What Fintech Taught Me About User Trust

@safarslife·September 5, 2024·— views

At Uzum, we process a lot of payments. Not "a lot" in the startup sense where you're proud of your first thousand transactions - a lot in the sense that when something breaks in the payment flow, the support queue fills up within minutes and the ops team is calling before you've even seen the error in Grafana. That kind of scale changes how you think about trust.

The thing about payments is that the failure modes are asymmetric in a way that most product domains aren't. If the product recommendation engine serves bad results, users get annoyed and scroll past. If a payment fails silently - the money leaves the user's account but the order doesn't confirm - you've created a situation where the user has lost money and has no idea what happened. That's not a bad UX. That's a trust-destroying event, and the recovery path is painful for everyone involved.

What "idempotency" actually means for users

Early in my time working on payment features, I had to get comfortable with a concept that sounds academic but has very real product consequences: idempotency. A payment operation is idempotent if you can safely retry it without creating duplicate charges. This matters because networks fail. The user taps "Pay," the request goes out, the payment processor processes it, and then the response gets lost somewhere between the processor and your server. Your system doesn't know if the payment succeeded. Do you retry?

If your payment endpoint isn't idempotent, retrying creates a duplicate charge. The user gets charged twice. If it is idempotent - if you're passing a unique idempotency key with each request and the processor deduplicates on that key - retrying is safe. The processor recognizes the key, returns the original result, and the user gets charged once.
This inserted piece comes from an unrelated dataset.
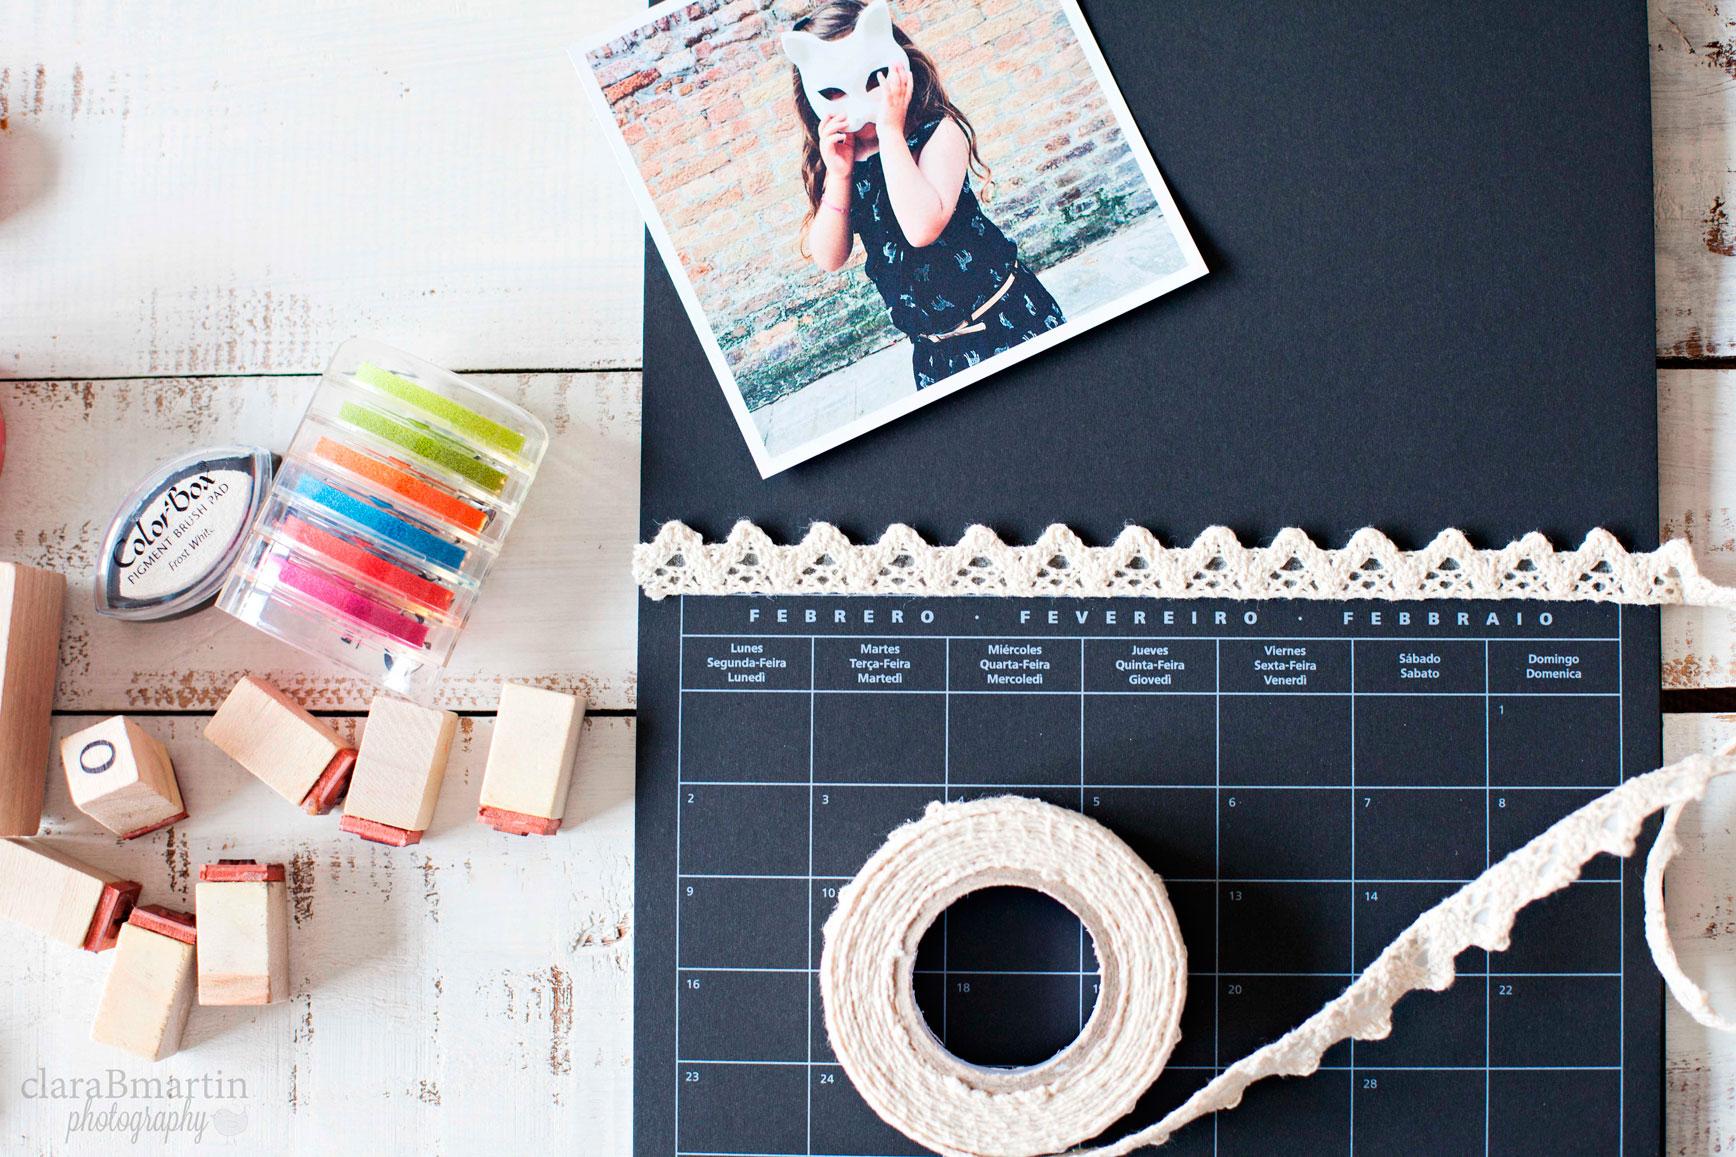 Calendario-DIY_claraBmartin03

This is a technical detail that most PMs never think about. But it directly determines what happens to users in a failure scenario that occurs constantly at scale. We had a period where our mobile client was retrying on network timeout without idempotency keys. The duplicate charge rate was low - maybe 0.1% of transactions - but at our volume that was hundreds of users per day getting charged twice. The fix was a backend change and a client update. The root cause was that nobody had thought through the retry behavior when the feature was specced.

⚠️

Without idempotency keys on retries, a 0.1% duplicate charge rate sounds negligible. At scale, it's hundreds of users per day losing money and trust simultaneously.

The error message problem

There's a specific failure mode in fintech that I've come to think of as the "limbo state" - the user's money has moved but the transaction hasn't resolved to a clear success or failure. This happens when a payment is processing asynchronously and the status update is delayed, or when a webhook from the payment processor arrives out of order, or when there's a race condition between the payment confirmation and the order creation.

The technical solution involves things like event ordering guarantees and idempotent state machines. But the product solution - the thing that determines whether the user panics or waits calmly - is the error message. "Payment processing" with a spinner is fine for three seconds. After thirty seconds, the user needs to know what's happening. After two minutes, they need a clear status and a way to check.
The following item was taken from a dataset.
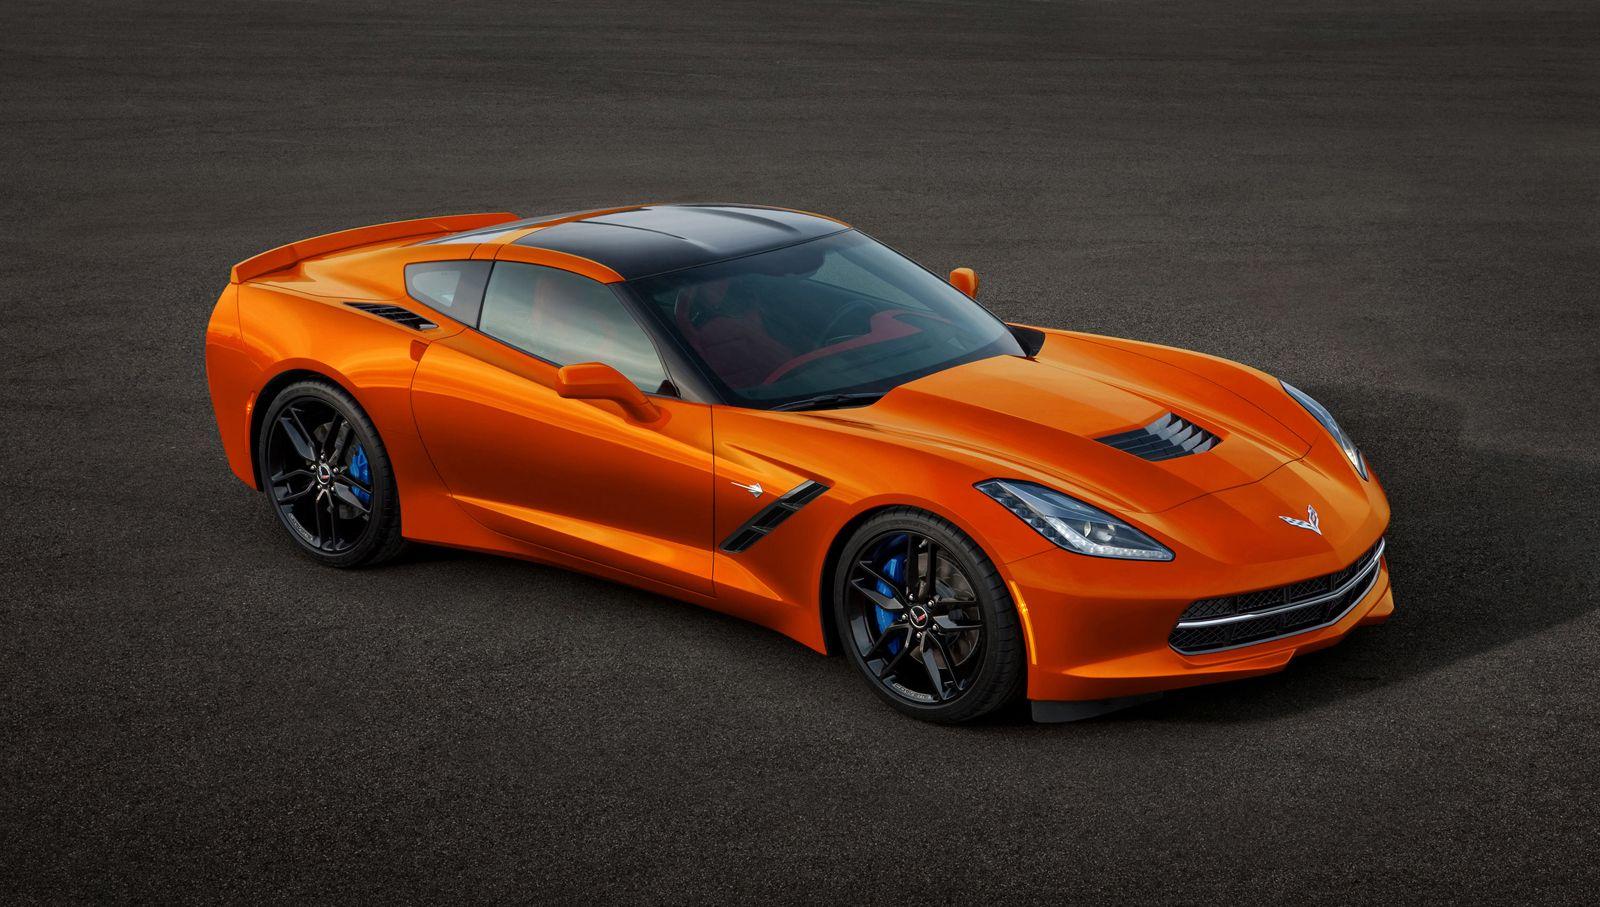 #2014 Chevrolet Corvette Stingray, #Merit Chevrolet
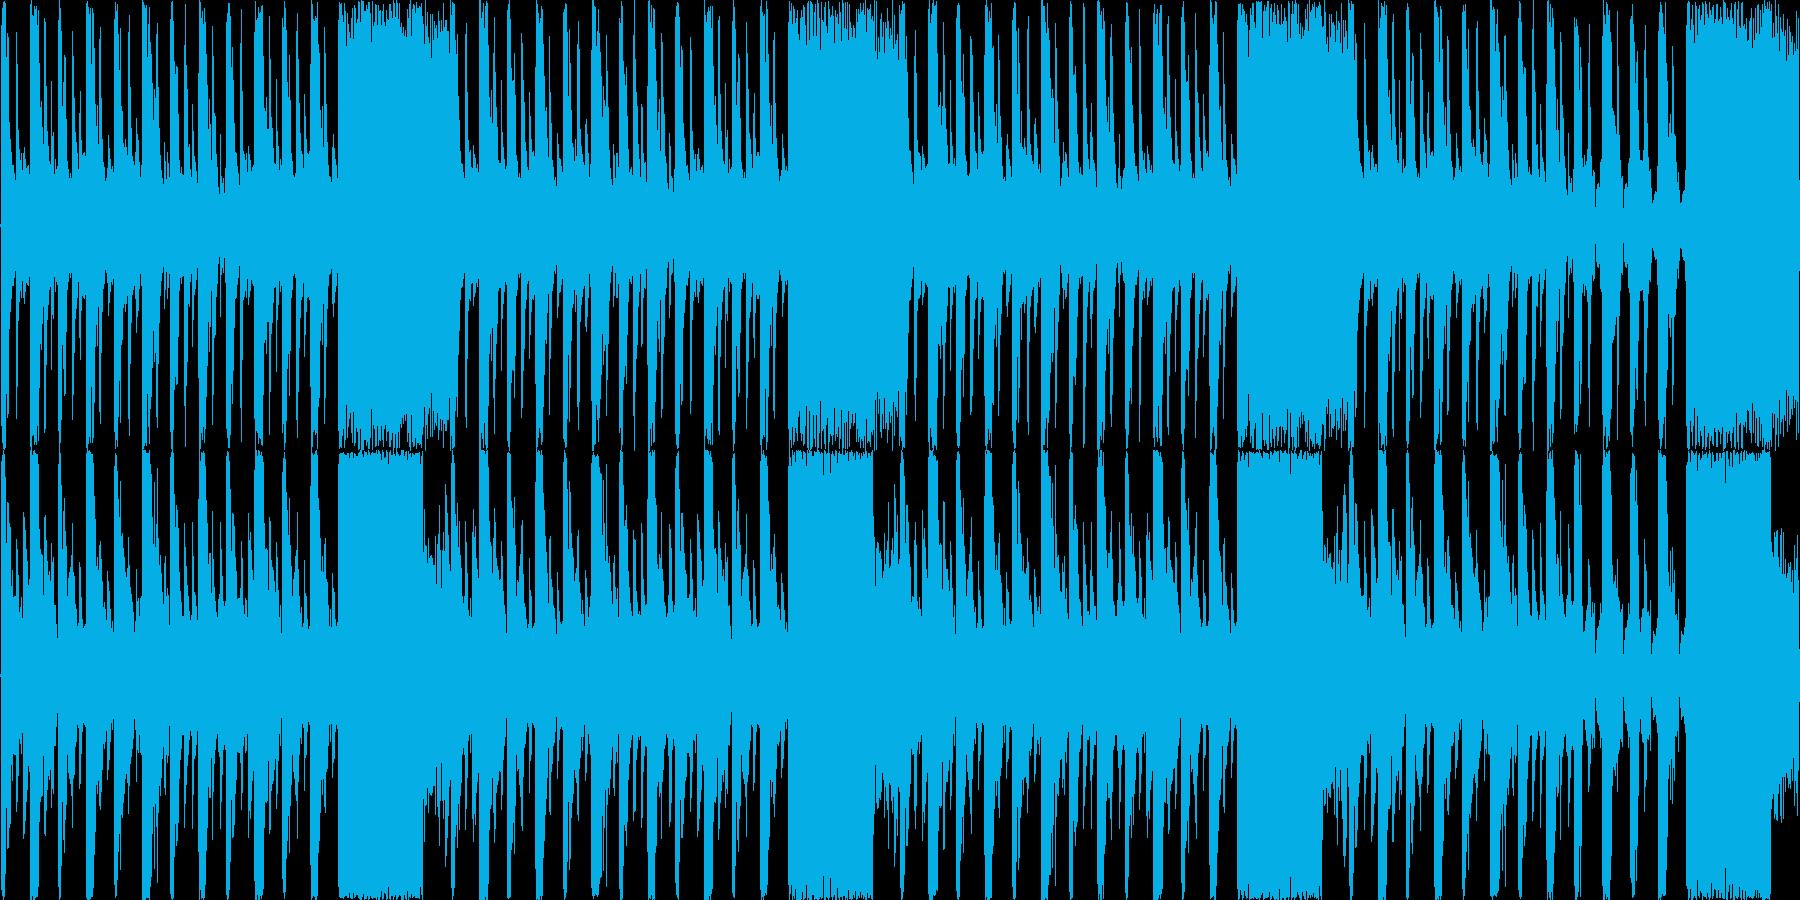 【シンセ/エレクトロニカ/TRAP】の再生済みの波形

We spent real time on this. Not on the happy path - on the failure taxonomy. What are the distinct states a payment can be in? What does the user need to know in each state? What action can they take? "Your payment is being processed - this can take up to 5 minutes for card payments. You'll receive a confirmation SMS when it completes" is a completely different user experience than "Something went wrong. Please try again." Both might be technically accurate. Only one keeps the user from calling their bank.
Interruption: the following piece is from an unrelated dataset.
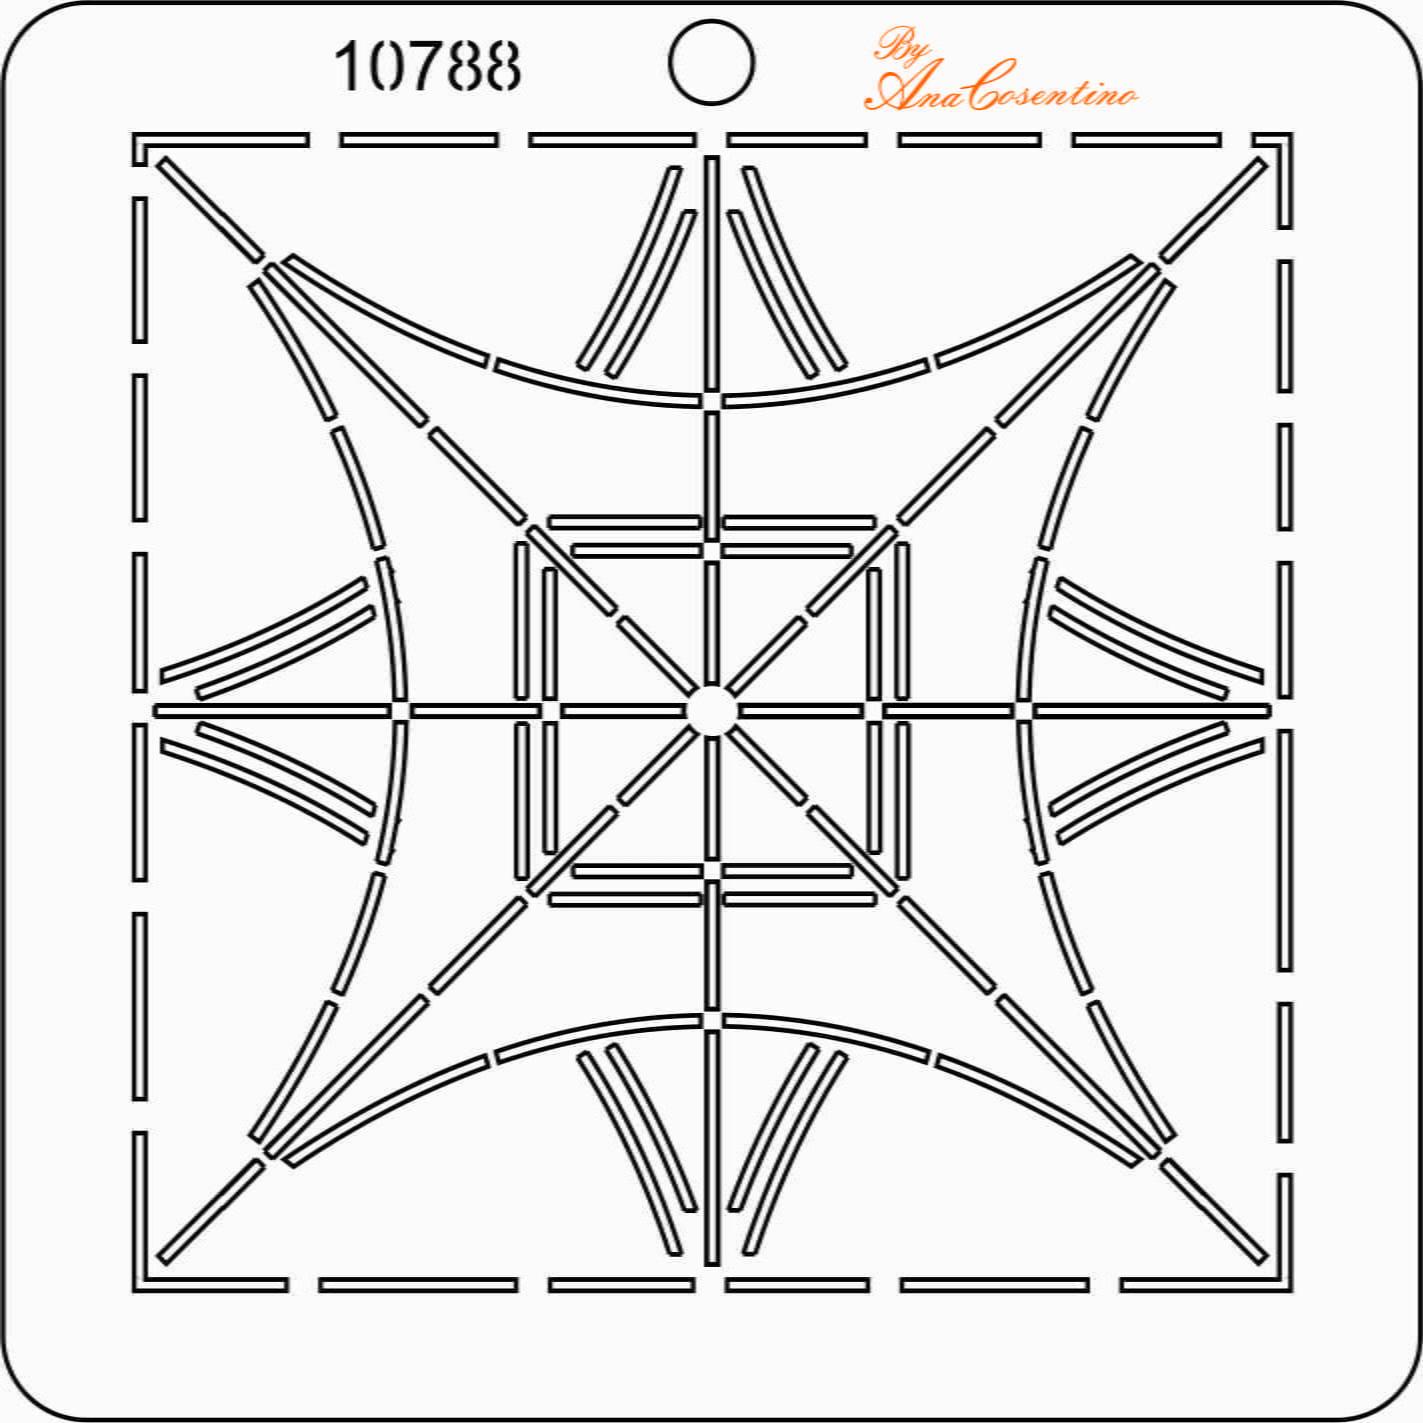 Estêncil de Quilting Diretrizes (Pequeno) - 10788

Trust is a database, not a variable

The mental model I've developed is that user trust in a financial product works like a database with very slow writes and very fast deletes. You accumulate it over dozens of successful transactions, each one adding a small increment. A single bad experience - a duplicate charge, a payment that disappears, a support ticket that takes a week to resolve - can delete most of what you've built.

This asymmetry should drive how you prioritize. At Uzum, we have a rule that any change touching the payment flow requires a full regression cycle, not a smoke test. Stakeholders push back on this constantly because it adds time to every release. My answer is always the same: the cost of a regression in the payment flow is not a bug report. It's users losing money and losing trust, and the support cost and churn that follows. The regression cycle is cheap by comparison.

What I look for now

When I review specs or PRs that touch anything financial, I'm looking for a few specific things. How does the system behave when the payment processor is slow? What happens if the webhook arrives twice? What's the retry behavior, and is it safe? What does the user see during each failure state?

These aren't edge cases. At scale, they're regular occurrences. A payment processor that's 99.9% reliable will fail on 0.1% of transactions - and at Uzum's volume, that's not a rounding error. Building for the happy path and hoping the failure cases are rare enough to ignore is a strategy that works until it doesn't, and when it stops working, it stops working loudly.

The fintech mindset I've carried forward is simple: design for failure first, because failure is guaranteed. The question is only whether you've thought through what happens when it occurs.